- **Brief**:
Please write out only the lines from the one containing "Calculating Machine Patent Poster" through the last line of the listing. Do not include pictures.

(Beginning of Given material)

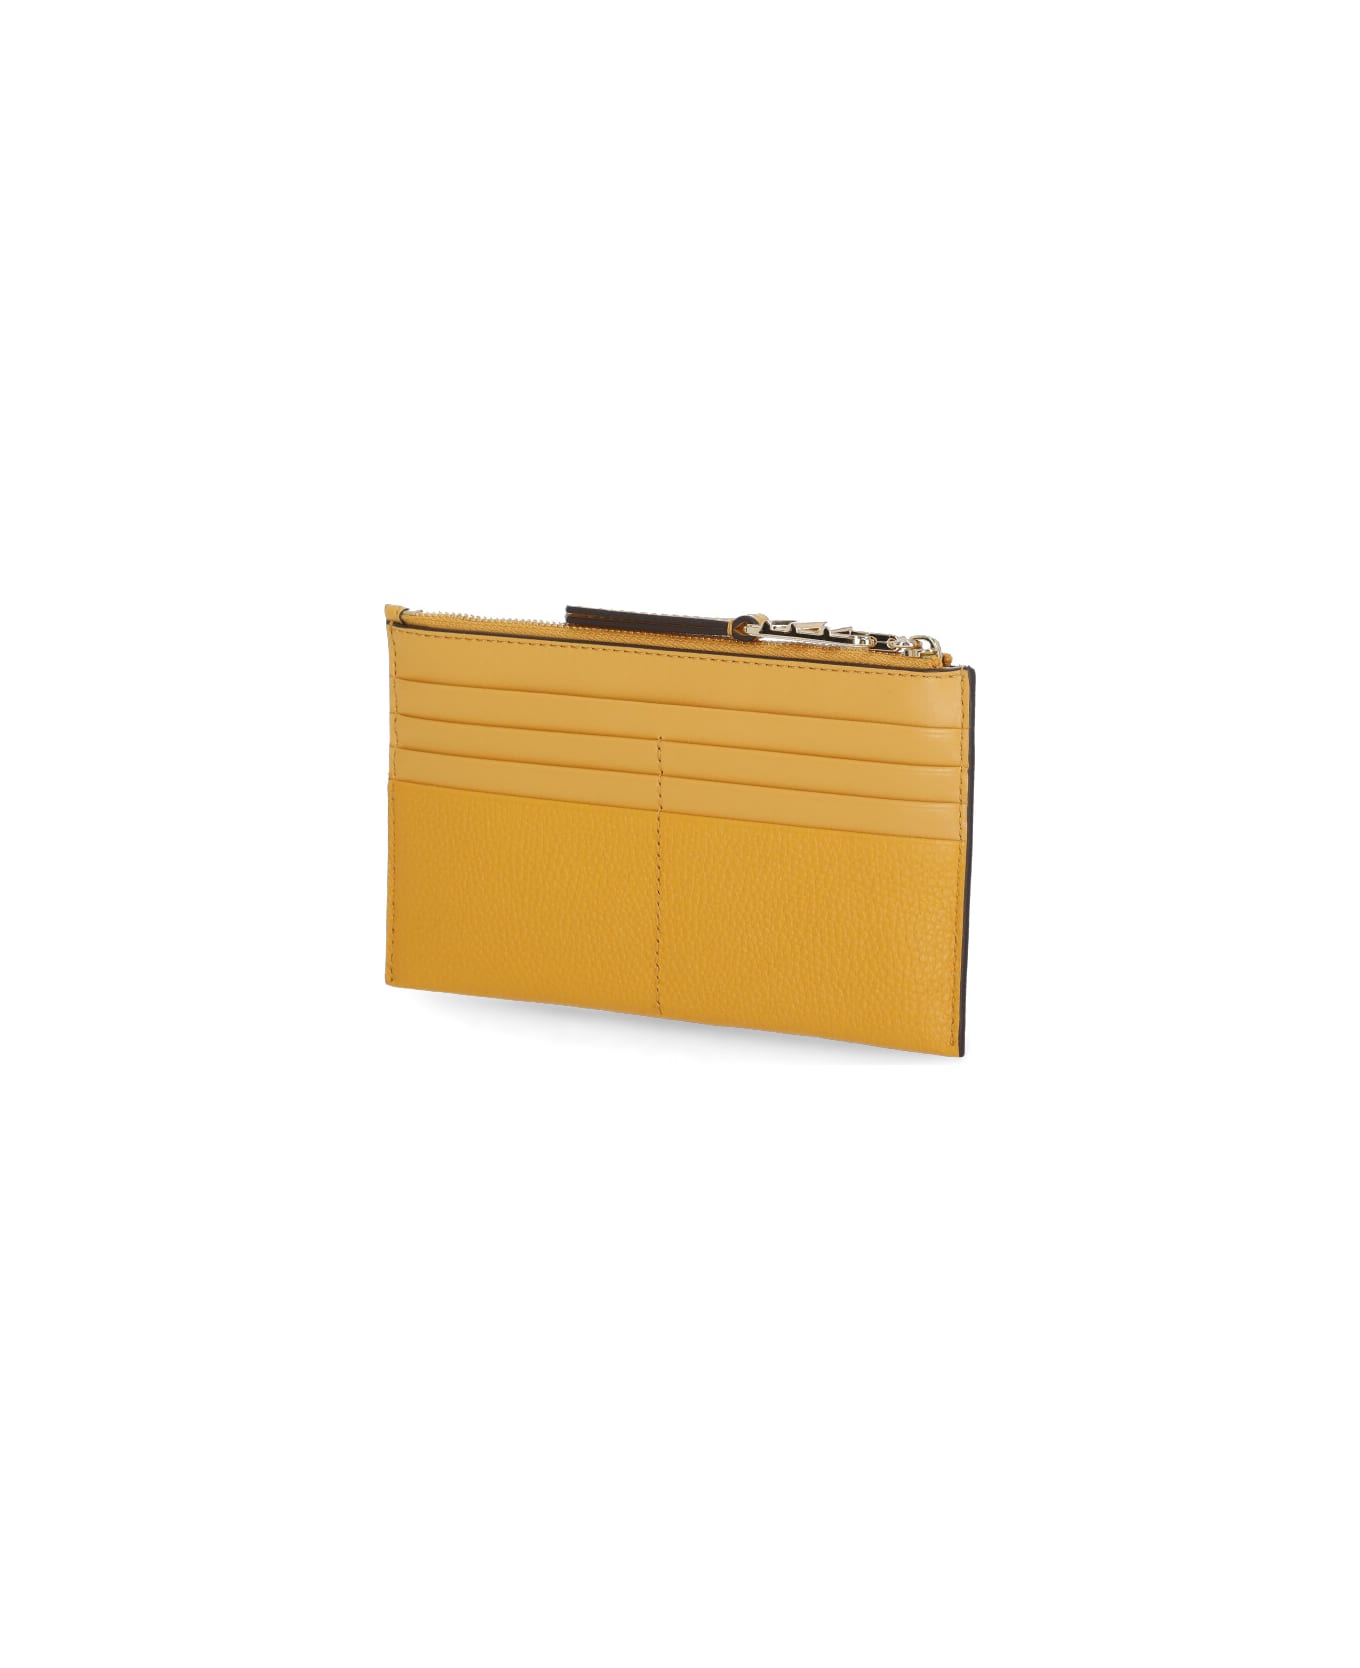 Michael Kors Logo Plaque Zipped Wallet - Yellow 財布
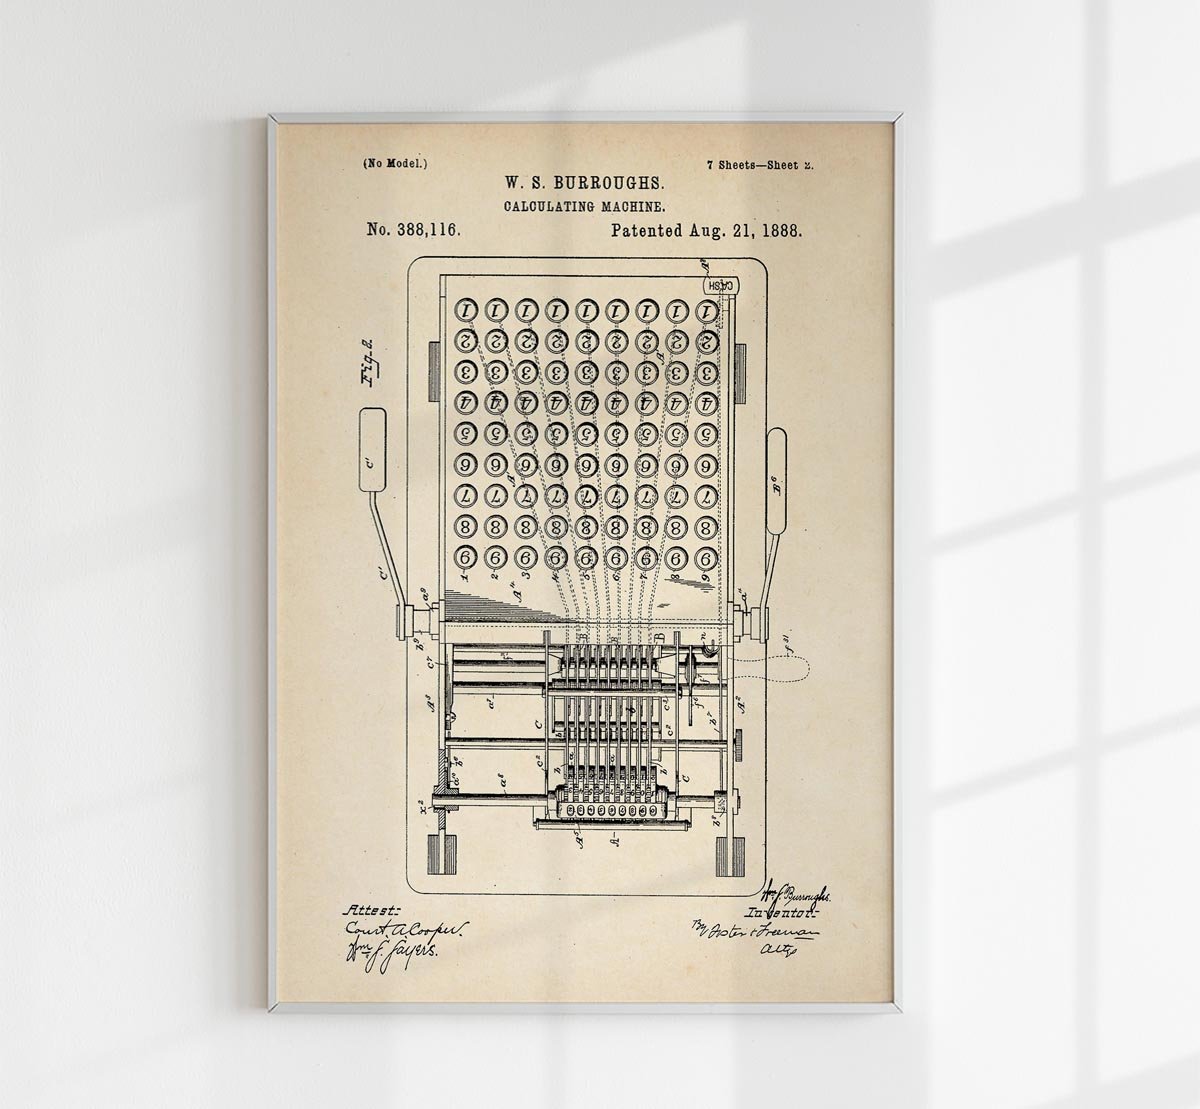 Calculating Machine Patent Poster
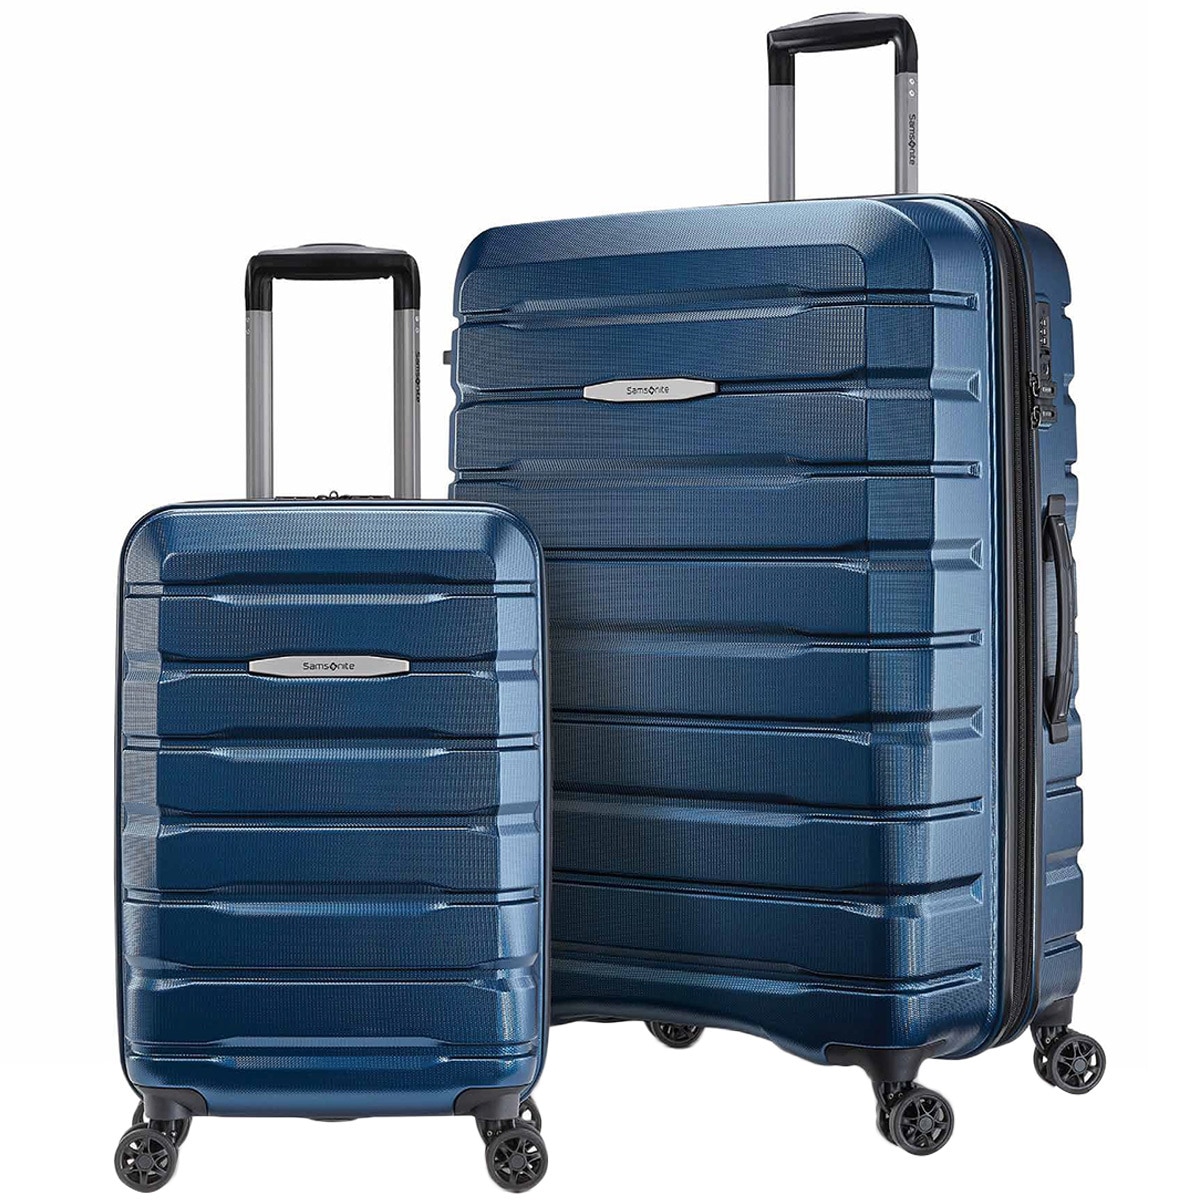 Samsonite Tech 2 Hardside Luggage - Blue
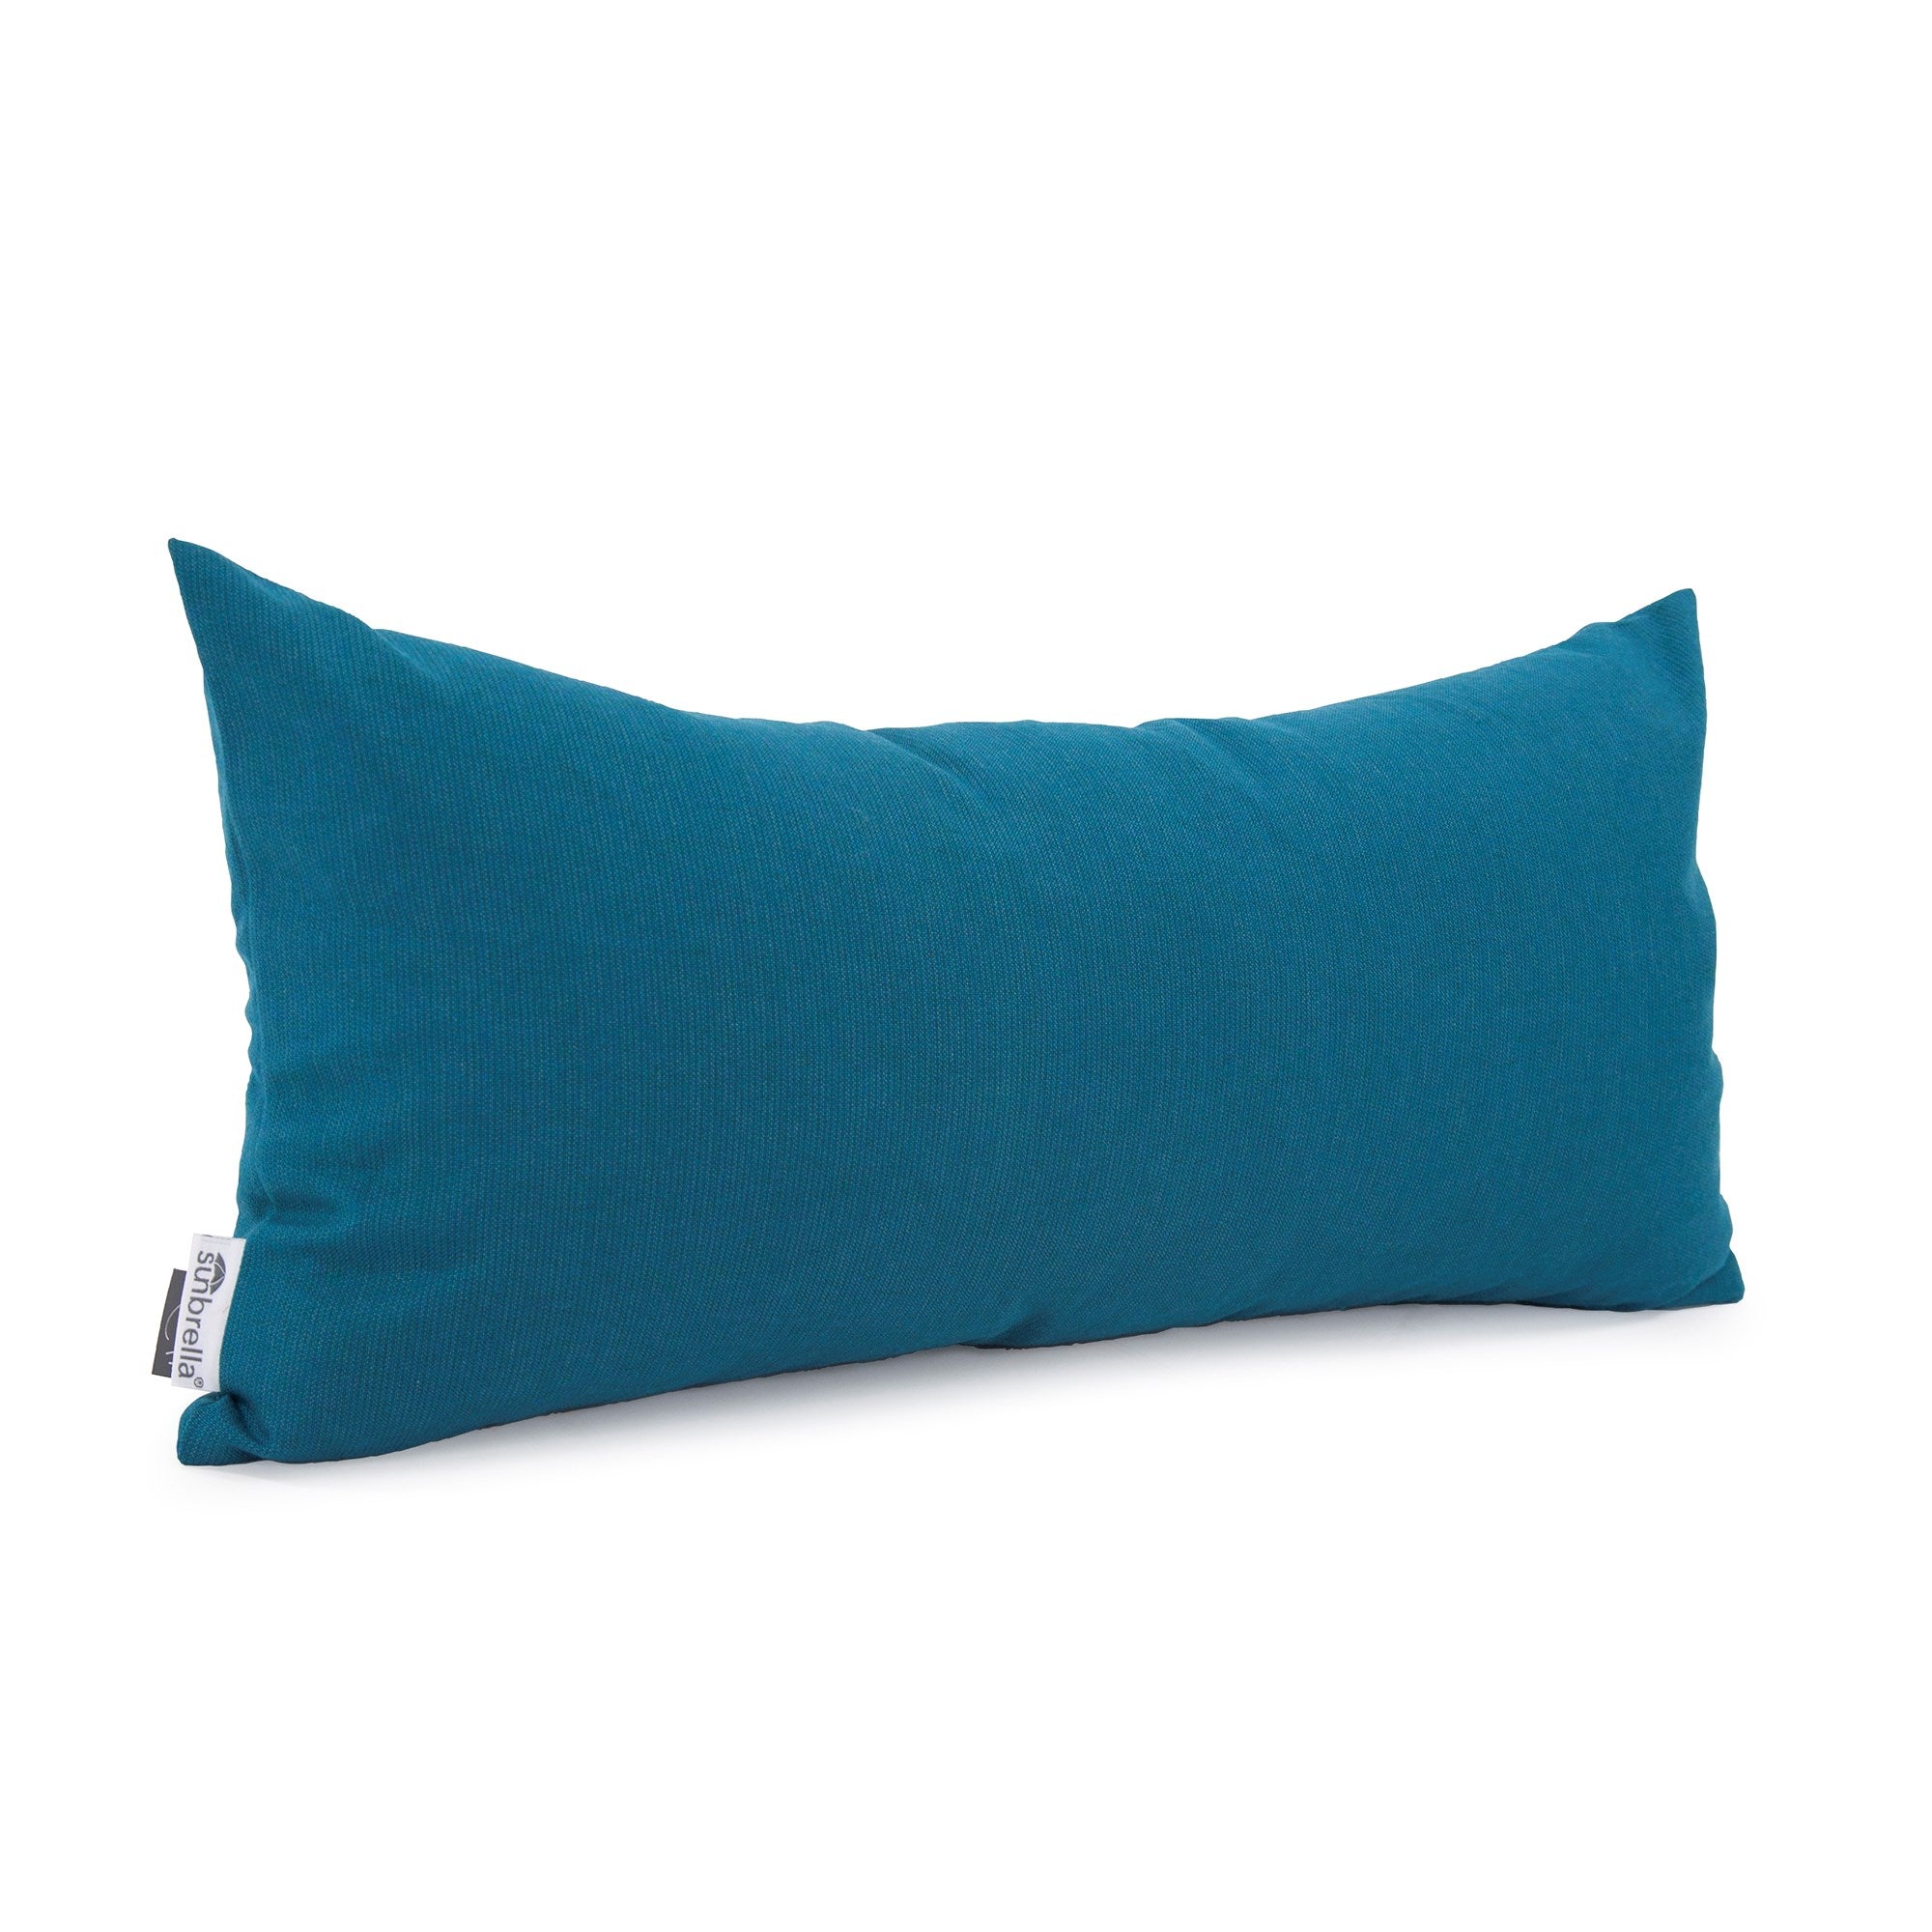 Seascape Turquoise Kidney Pillow- 11" x 22"

(End of Given material)

- **Answer below**:
 Calculating Machine Patent Poster
 Samsonite Tech 2 Hardside Luggage - Blue
 Seascape Turquoise Kidney Pillow- 11" x 22"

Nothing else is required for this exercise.